O Observatório da Emigração publicou em janeiro o Atlas da Emigração Portuguesa: só nos últimos 20 anos, o país viu sair mais de 1,5 milhões de cidadãos. No total, existem cerca de 2,2 milhões de cidadãos na diáspora portuguesa.

A França continua a ser o país com o maior número de imigrantes residentes nascidos em Portugal (573.000), seguindo-se a Suíça (204.000), os Estados Unidos (184.000), o Reino Unido (156.000), o Brasil (138.000), o Canadá (134.000) e a Alemanha (115.000), mas também a China, Luxemburgo, Venezuela, África do Sul... Cerca de 20.000 emigrantes portugueses regressam anualmente ao seu país, na sua maioria com menos de 40 anos, não vêm ricos, nem beneficiam de nenhum programa global para a sua reintegração.
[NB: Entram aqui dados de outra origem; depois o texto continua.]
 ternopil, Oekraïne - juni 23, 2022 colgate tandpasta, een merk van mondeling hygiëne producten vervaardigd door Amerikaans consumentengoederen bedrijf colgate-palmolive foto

A Secretaria de Estado das Comunidades, em 2023, contabilizava 2.240.152 pessoas com Cartão de Cidadão nacional a residir no estrangeiro e um total de cerca de 5 milhões, ao somar-lhe os que se identificam como lusodescendentes de imigrantes portugueses, entre os quais, segundo a FLAD, há 1,3 milhões de cidadãos americanos.
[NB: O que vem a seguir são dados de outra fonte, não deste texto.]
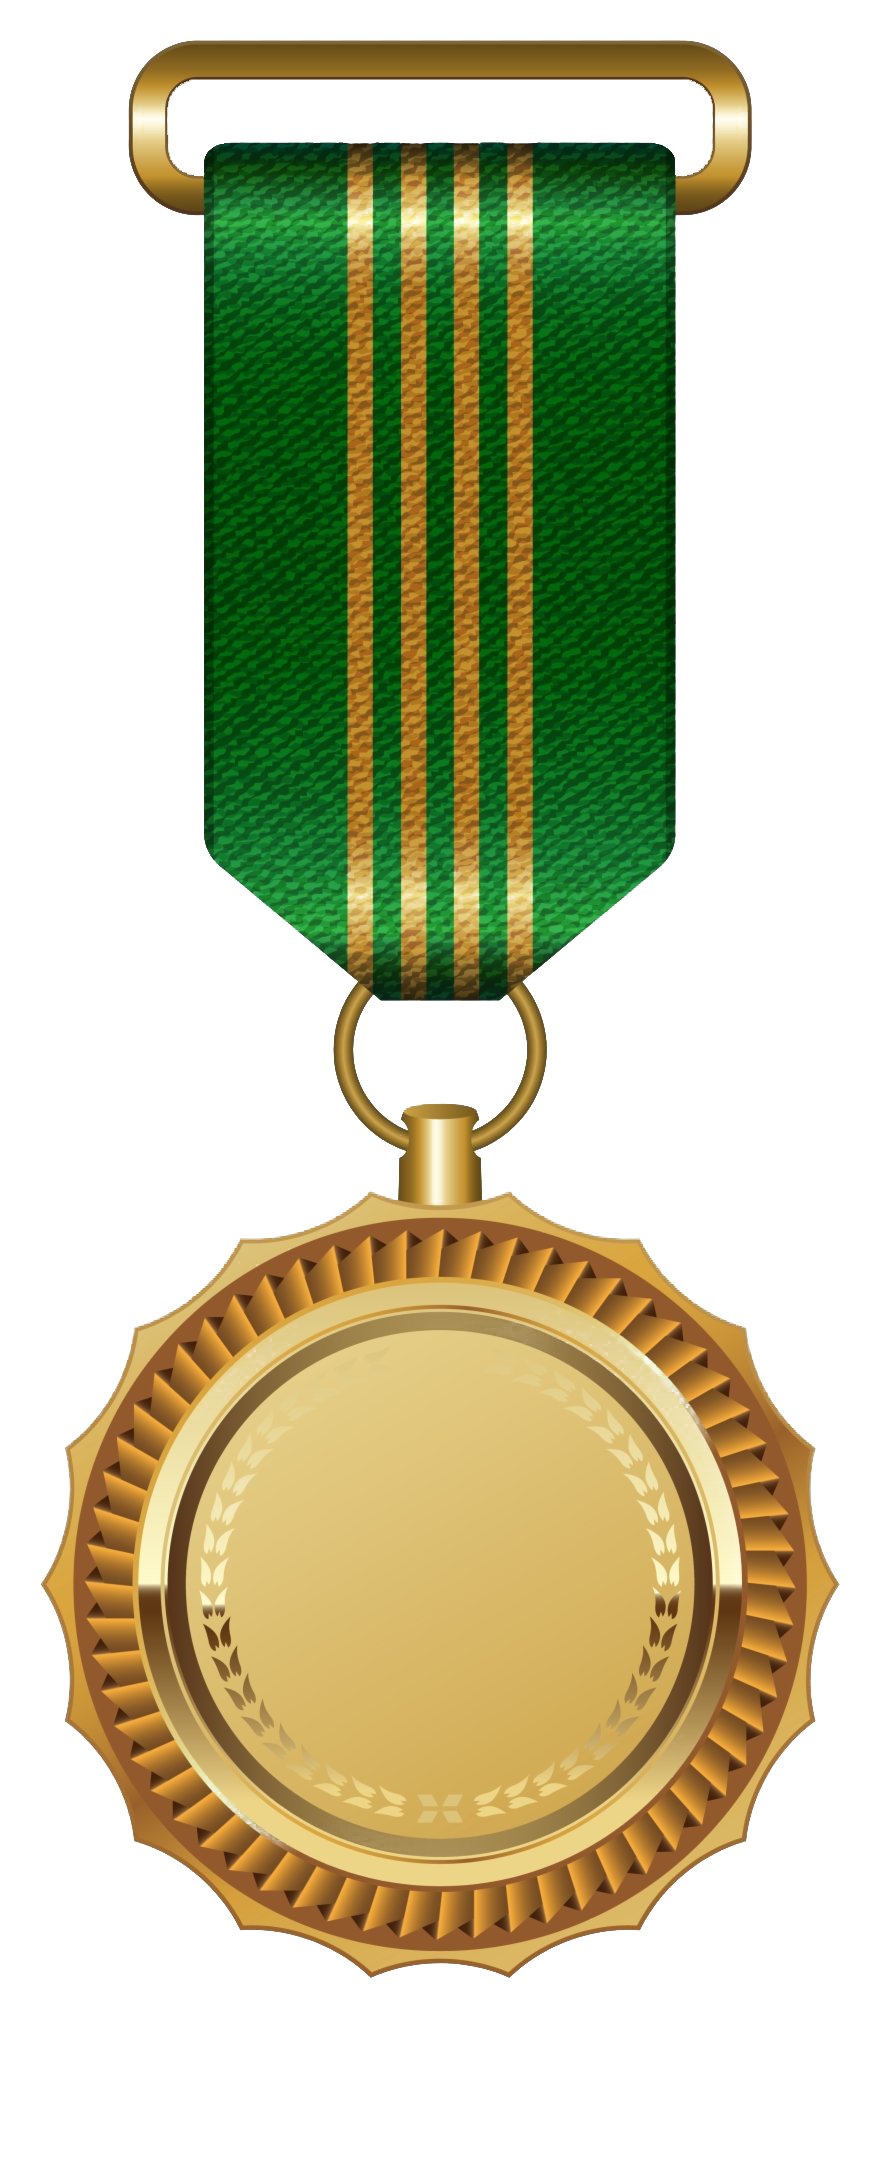 Winner Gold Medal PNG Image Background

As remessas de emigrantes nacionais em 2022 elevaram-se a 3.892,2 milhões de euros, 1,6% do PIB português (Relatório do Banco de Portugal), com origem em França mais de mil milhões, valor semelhante vindo da Suíça e, do Reino Unido, €458 milhões.

Os imigrantes estrangeiros, embora tenham uma taxa de desemprego que é mais do dobro que a dos portugueses, têm vindo a aumentar o seu contributo para a Segurança Social. Nesse mesmo ano, contribuíram com 1.861 milhões de euros e só beneficiaram de cerca de 257 mil euros. Um saldo positivo de 1.604,2 milhões de euros para a Segurança Social, que é quase o dobro de há quatro anos.
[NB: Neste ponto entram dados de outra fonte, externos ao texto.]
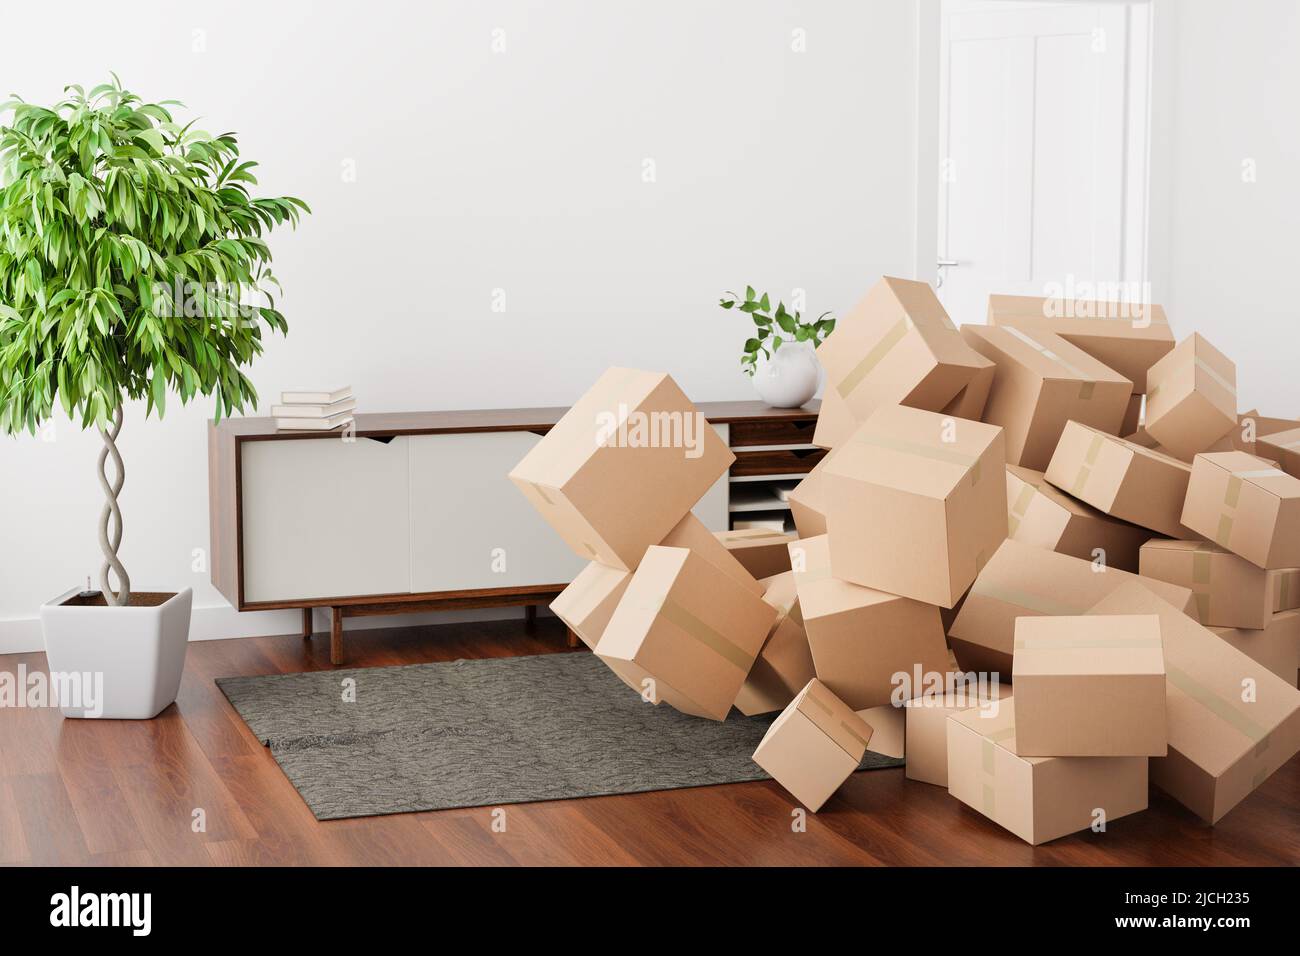 Cajas de cartón de diferentes tamaños que caen en una sala de estar. Concepto de imagen para el consumismo, compras en línea Foto de stock

Citando ainda o Observatório: os imigrantes pesam 7,5% no total da população, trabalham mais, com piores ordenados e de maior risco. Contudo, circulam nas redes sociais cópias de cheques da Segurança Social, verdadeiros ou falsos, com quantias que rondam os mil euros, endereçados a nomes que soam a imigrantes, apresentados como prova irrefutável de que parasitam os apoios sociais.

Neste quadro e à escala da nossa própria emigração, uma outra verdade emerge, com uma obscura ameaça que pode atingir em ricochete os milhões de portugueses da diáspora:

Portugal é hoje o país europeu que, proporcionalmente, tem maior número de emigrantes e o oitavo em todo o mundo.

Esta dimensão, deveria conduzir os dirigentes políticos a um debate cauteloso e pudente, sobre “a necessidade de controlar a emigração”, de “impor regras mais restritivas”, e, sobretudo, aos avisos hostis, “o risco de perder a identidade nacional, com o crescimento da sua comunidade, e a disseminação da sua religião, usos e costumes…”, “os perigos da imigração, que põem em causa a segurança nacional e dos portugueses”, “a exigência de contratos de trabalho prévios” …Quando a nossa tradição, desde os anos sessenta, é “emigrar a salto”, então contra a miséria e a guerra, promovidas pelo regime fascista e colonialista.

É que, num mundo globalizado, todas as medidas tomadas pelos governos da nossa República Democrática, vão bater à porta, dos portugueses emigrantes e lusodescendentes.

“Ei-los que partem” mais jovens e instruídos

Ainda segundo o Observatório, cerca de um terço (850 mil) dos jovens nascidos em Portugal (dos 15 aos 39 anos) vivem neste momento no estrangeiro, tornando-se um fator decisivo do nosso inverno demográfico.

Portugal era nos anos 60 um país subdesenvolvido, que exportava camponeses e operários, ilegalmente e “a salto”, com qualidades excecionais de trabalho, mas de baixo nível técnico e educacional. Face à crise financeira ocidental e à política de austeridade que nos impôs a troika, os governos nacionais e as forças económicas que predominam, não cuidaram dos seus obreiros, nem dos quadros médios e de alto nível, e a sua emigração cresceu exponencialmente.

Temos hoje associações científicas portuguesas em muitos países, mas as políticas dos nossos governos não integram uma opção estratégica para estabelecer e aproveitar a sua ligação umbilical com a pátria.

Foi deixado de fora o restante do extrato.